Eben erst sind die drei leitenden Ärzte, Gäste des BRK, mit einem ganzen Schatz von neuen Eindrücken und Erfahrungen von Erlangen aus nach Wladimir zurückgekehrt, und nun ist ein Ehrenamtlicher des Roten Kreuzes von einer Reise in die Partnerstadt wieder heimgekommen, der viel zu erzählen hat. Doch vorausgeeilt ist ihm ein Dankschreiben der Gastgeber an das BRK, welches zu übersetzen die reinste Freude bereitet:
„Wir sind sehr dankbar dafür, daß sie uns einen jungen Mann wie Felix Wasel geschickt haben, der Deutschland und sein erstaunliches Volk würdig vertreten hat. Alles ist wie am Schnürchen gelaufen, obwohl es im Programm auch die eine oder andere kleine Abänderung gab, die aber sicher den Gesamteindruck nicht trüben konnten. Unser Team, das Felix aufgenommen hat – Familie Pjotr Ponasenko, Nikolaj Ponasenko, die beiden Dolmetscherinnen, Anastasia Gurjanowa und Aljona Wassiljewa sowie Tatjana Teljanina -, funktionierte reibungslos. Wir sind der Überzeugung, daß der Besuch gelungen ist. Gemeinsam besucht haben wir die Feuerwehreinheiten von Wladimir und Susdal sowie die Rettungsstelle der Wladimirer Region. Felix nahm am Unterricht des Klubs „Retter“ teil, wo er mit Vergnügen die Vorschriften zur Verwendung leichter Schutzkleidung erfüllte. Glänzend präsentierte er seinen Vortrag zum Zivilschutz in Deutschland, nach Kräften unterstützt von Aljona Wassiljewa und Anastasia Gurjanowa. Sogar mit Studentinnen der FAU konnte er sich treffen, die für zehn Monate nach Wladimir gekommen waren, und denen der Unterricht auch sehr gut gefiel.

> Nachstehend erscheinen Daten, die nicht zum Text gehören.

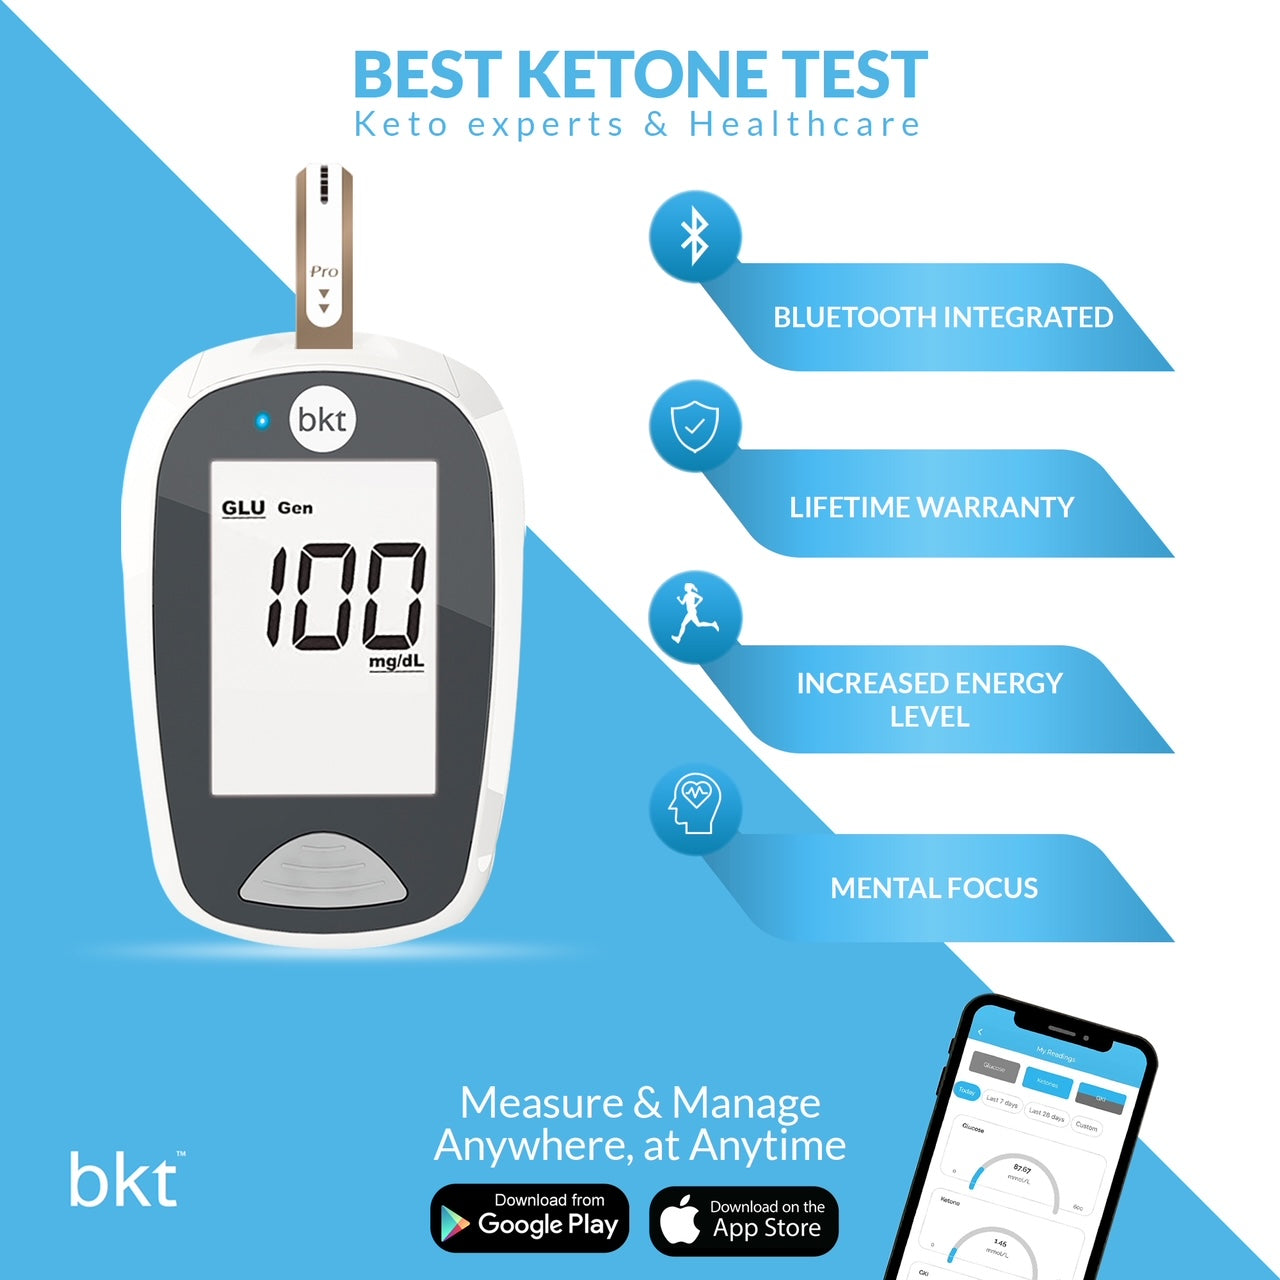 BKT Premium Keto Kit + 28 Day Keto Transformation Book - Best Ketone Test

Wir besichtigten natürlich auch Wladimir, Susdal und Bogoljubowo, und dank Ihren Gebeten herrschte ideales Wetter: Die Sonne schien, es war warm, überall bunte Herbstfarben, was uns, zusammengenommen, regelrecht lyrisch stimmte. Wir sind Felix dankbar für die so gelungene Vorführung der Maßnahmen in Notsituationen (Leistung von Erster Hilfe, Einsatz von Rettungsschwimmern). Diesen Unterrichtsblock haben wir an der Wladimirer Schule Nr. 40 durchgeführt, dem ein Hallenbad angeschlossen ist, wo unser olympischer Schwimmnachwuchs trainiert. Darüber hinaus hatte Felix sechs Stunden Wache beim Notfalldienst mit der Schicht des Klubs „Retter“, besetzt mit Gennadij Brajt, Iwan Tarassow und Jurij Kowaltschuk, die über die ganzen sechs Stunden eine Frage nach der anderen zum Thema Rettungseinsätze in Deutschland stellten. Pjotr Ponasenko, der Leiter des Klubs, konnte das Gespräch nur mit Mühe beenden. Getroffen haben wir uns auch mit den jungen Leuten der Berufsfachschule Nr. 6, wo künftige Feuerwehrleute ausgebildet werden. Lange stellten sie immer wieder Fragen und wollten den Gast gar nicht wieder gehen lassen.
Felix hat also tatsächlich Deutschland und sein großes Volk würdig vertreten. Er bewies am eigenen Beispiel, daß es möglich ist, Erfolg zu haben, wenn man ein selbstgestecktes Ziel mit allen Kräften verfolgt. Mit seiner Lebenseinstellung steht er den Mitgliedern unseres Klubs sehr nahe. Wir sind dem BRK Erlangen-Höchstadt von Herzen dankbar dafür, daß wir mit einem solchen Menschen zusammentreffen konnten, den wir ins Herz geschlossen und von dem wir uns mit Tränen in den Augen verabschiedet haben.“ Pjotr Ponasenko, Leiter des Klubs „Retter“ und Tatjana Teljanina, Beauftragte für Internationale Beziehungen.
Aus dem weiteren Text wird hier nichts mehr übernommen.